For human TMEM30B gene, NW_925561, NT_025437, etc.
For the human KAZALD1 gene, NW_924884, NT_030059, etc.
For the human MAPK13 gene, NW_923073, NT_007592 and the like.

  In the method of the present invention, methylation of at least one of the above genes is detected.

  A preferred methylation site on the gene is the CpG region of the promoter of the TMEM30B gene, KAZALD1 gene or MAPK13 gene, and methylation of the base sequence in this region is detected or measured. The CpG region of the promoter of these genes includes, for example, (1) a nucleotide sequence represented by SEQ ID NO: 78, 79 or 80, or (2) deletion or substitution of one or several bases in the nucleotide sequence. Or a nucleotide sequence containing an addition, or a nucleotide sequence having at least 95%, preferably at least 97%, more preferably at least 98% identity with the nucleotide sequence and having a promoter activity .

  As used herein, a “promoter CpG region” is a region rich in CG sequences, eg, a region containing about 20-35% or more C + G bases. “Promoter activity” refers to an activity that controls transcription of a gene.

“Several” as used herein refers to an integer in the range of 2-10.
As used herein, “identity” includes the number of gaps when two base sequences are aligned with or without introducing gaps so that the degree of identity is maximized. It means the percentage (%) of the number of identical (ie, matching) bases relative to the total number of bases.

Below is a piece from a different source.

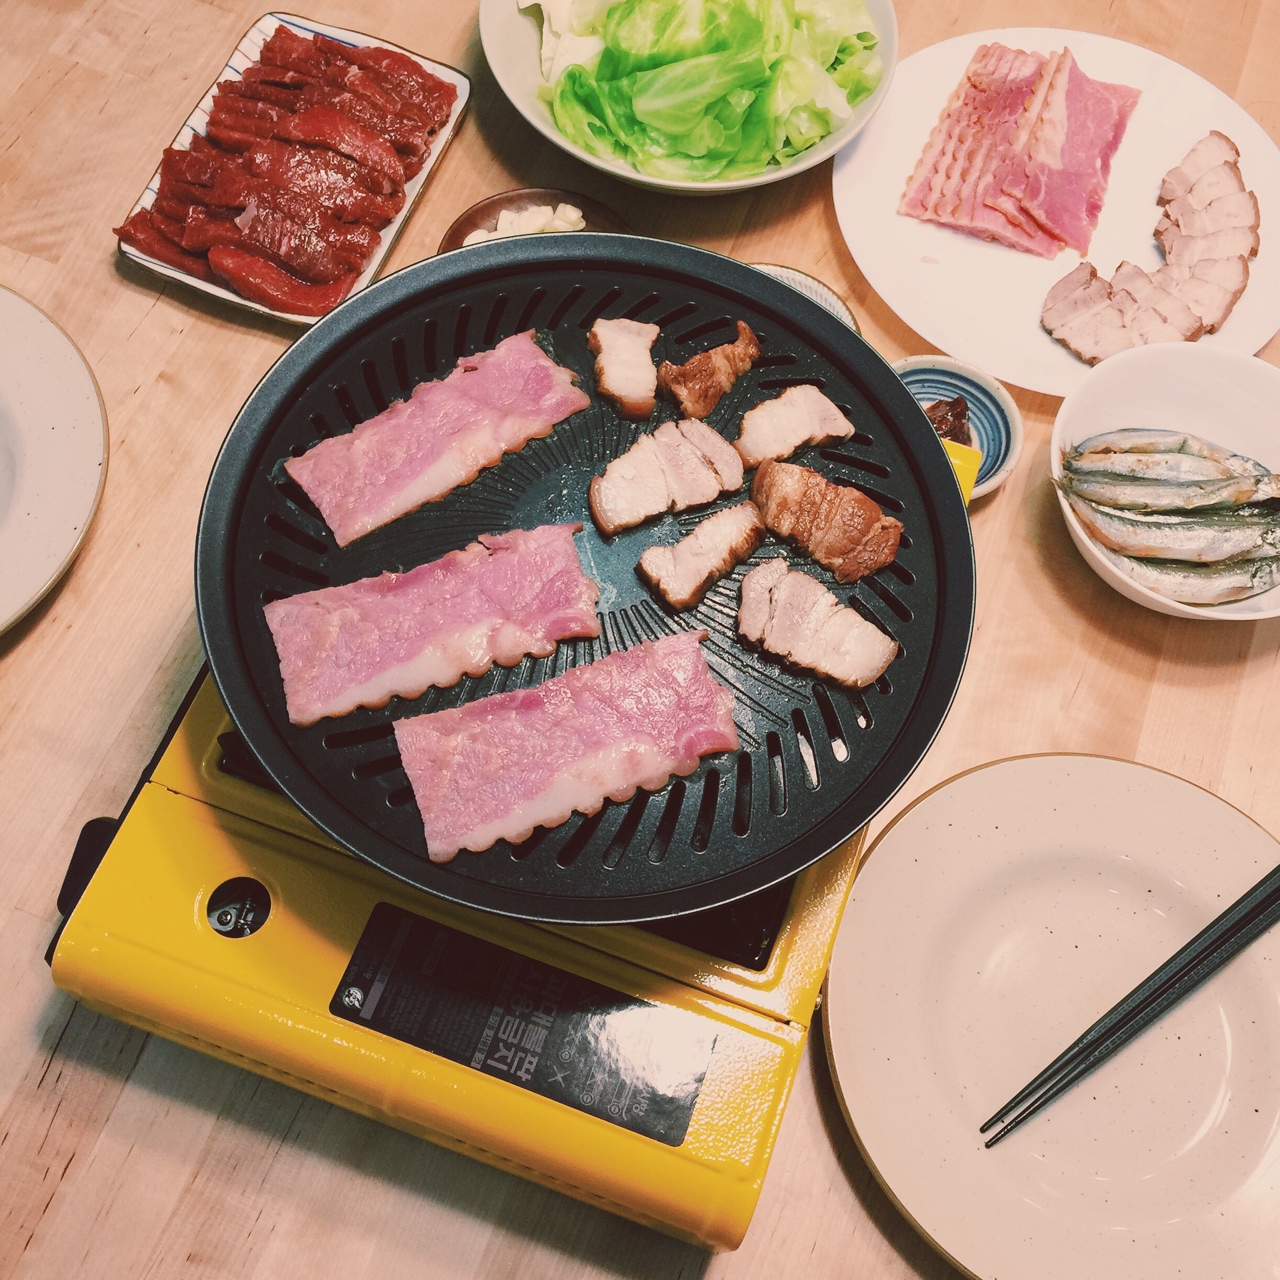 家庭版韩式烤肉的做法

  Methylation in the method of the present invention is performed by, for example, methylation-specific PCR (JG Herman et al., Proc. Natl. Acad. Sci. USA 1996, 93: 9821-9826; CA Eads et al., Nucleic Acids Res. 2000, 28: E32; K. Rand et al., Methods 2002, 27: 114-120; DT Akey et al., Genomics 2002, 80: 376-384). The level of methylation can be measured by, for example, the pyrosequencing method (S. Colella et al., Biotechniques 2003, 35: 146-150; J. Tost et al., Biotechniques 2003, 35: 152-156). .

  Methylation-specific PCR (MSP) is a method for examining the presence or absence of methylation by performing PCR using DNA treated with sodium bisulfite as a template. Sodium bisulfite converts cytosine on DNA to uracil, but this conversion reaction does not occur in methylated cytosine (methylation at the 5 ′ position of the cytosine residue of CpG).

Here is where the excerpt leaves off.